The underlying assumption of the STAG method is that while mistakes might occur during the selection process of gene copies, leveraging information from a large collection of gene families can help average out these errors. This approach relies on the principle that errors or inaccuracies in the selection of individual gene copies are balanced out when considering a broad spectrum of gene families. Consequently, the consensus species tree derived from these collective gene families is expected to provide a more accurate representation of the evolutionary relationships among species.

12.4.2 Tree Rooting

Rooting a phylogenetic tree involves determining the position of the most recent common ancestor (MRCA) and establishing the direction of evolution from that point. Several approaches exist for rooting trees:

Known Outgroup Species: Using a known outgroup species that is evolutionarily distant from the group under study. This outgroup is expected to share a common ancestor with the ingroup but diverged earlier, providing a basis for rooting the tree.
Gene Duplication Events (STRIDE): The STRIDE method, proposed by Emms and Kelly, leverages gene duplication events for tree rooting. It’s based on the principle that gene duplications are irreversible, meaning two genes cannot merge back into one. By identifying a root where the duplication events align with the timing constraints of evolution, this method seeks a root that best fits the pattern of gene duplication events across the tree.

The concept here is to pinpoint a root position on the phylogenetic tree where the inferred gene duplication events align with the expected evolutionary timeline.
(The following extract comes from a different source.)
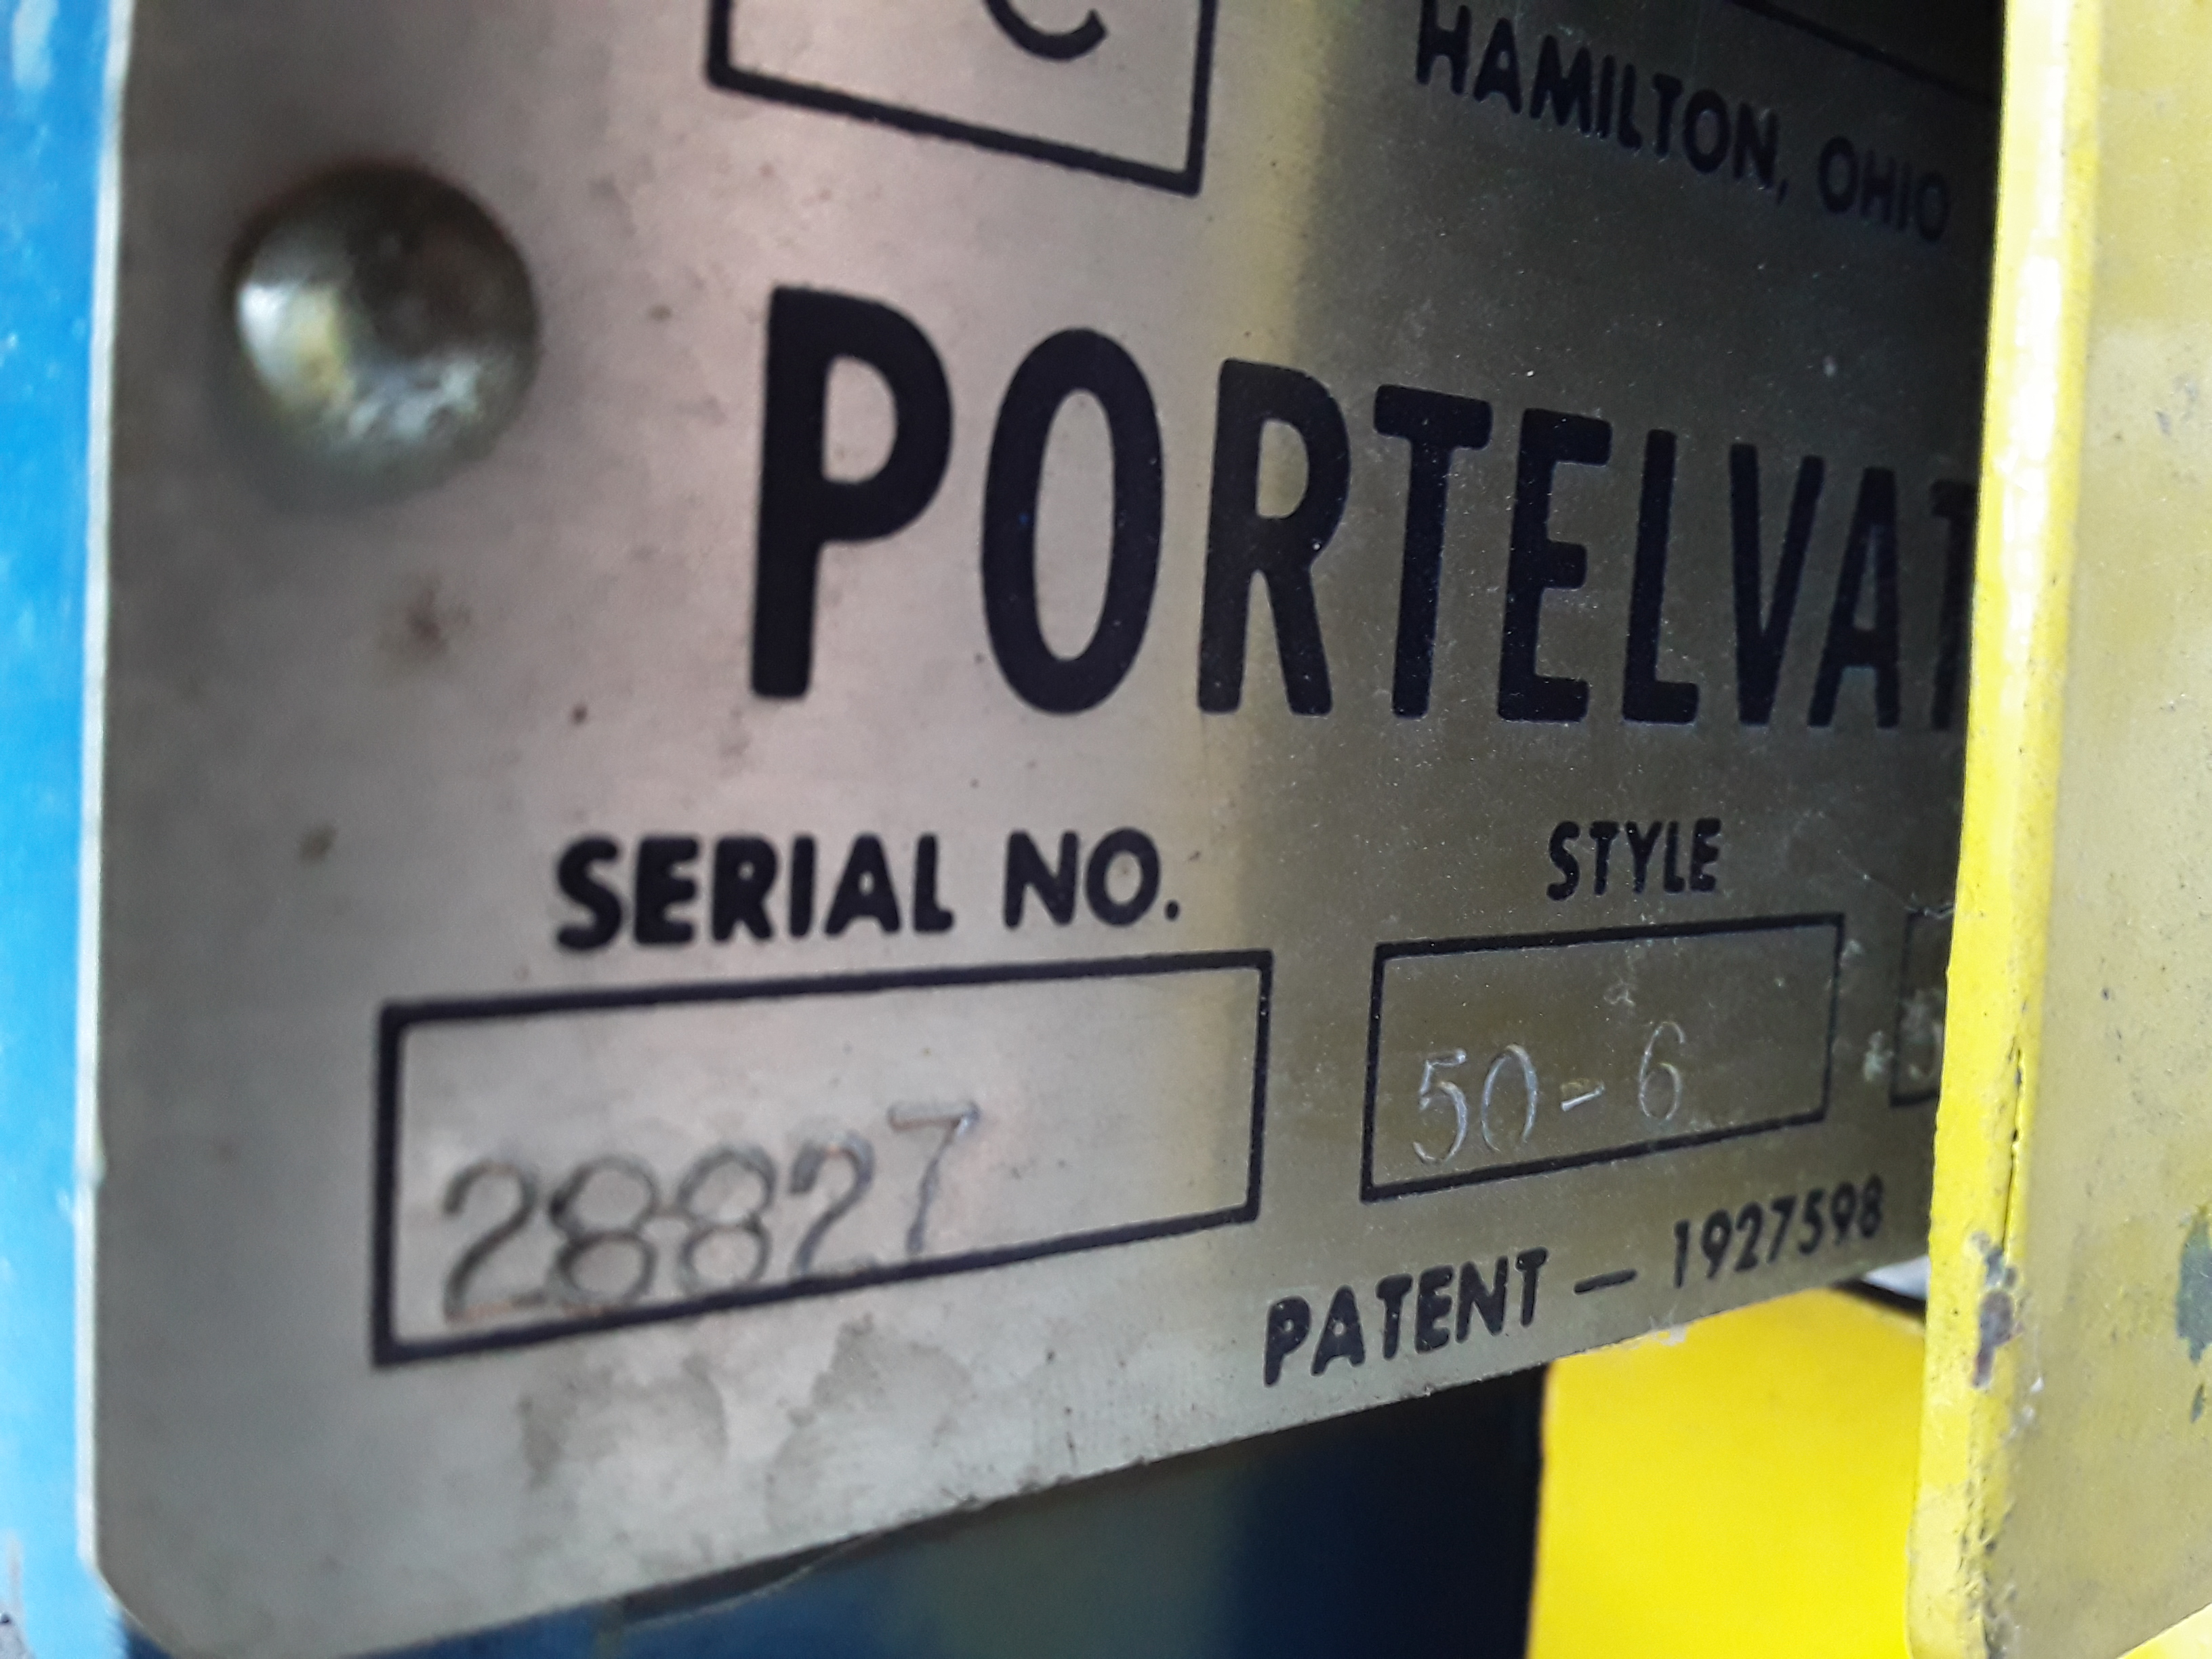 (1) PREOWNED PORTELEVATOR PORTABLE PRESS DIE HOIST TABLE, <br>MODEL 50-6, S/N 28827

For instance, identifying a root where gene duplication events occur in a manner that is consistent with the known rates of evolution and divergence times among species.

12.4.3 Birth-Death Model

The birth-death model provides a formal probabilistic framework for estimating the turnover rates of gene families, offering insights into significantly expanded or contracted gene families within an evolutionary context.

Here’s an overview of the process:

Estimating Birth/Death Rates: Using the birth-death model within a phylogenetic framework, the consensus birth and death rates of gene families are estimated across the evolutionary tree. This estimation involves determining the rates at which new genes are gained (birth rate) and existing genes are lost (death rate) within different gene families over time.
Identifying Deviations from Consensus: Once the consensus birth and death rates are estimated, the model is used to identify gene families that significantly deviate from this general consensus. These deviations indicate gene families that have undergone remarkable expansions or contractions compared to the expected turnover rates derived from the overall evolutionary pattern.

This approach allows for a quantitative assessment of how gene families evolve across a phylogeny. It enables the identification of specific gene families that have experienced exceptional evolutionary dynamics, exhibiting substantial expansions or contractions beyond the typical rates observed across the evolutionary tree. This information offers valuable insights into the evolutionary forces driving the diversity and dynamics of gene families within different species or lineages.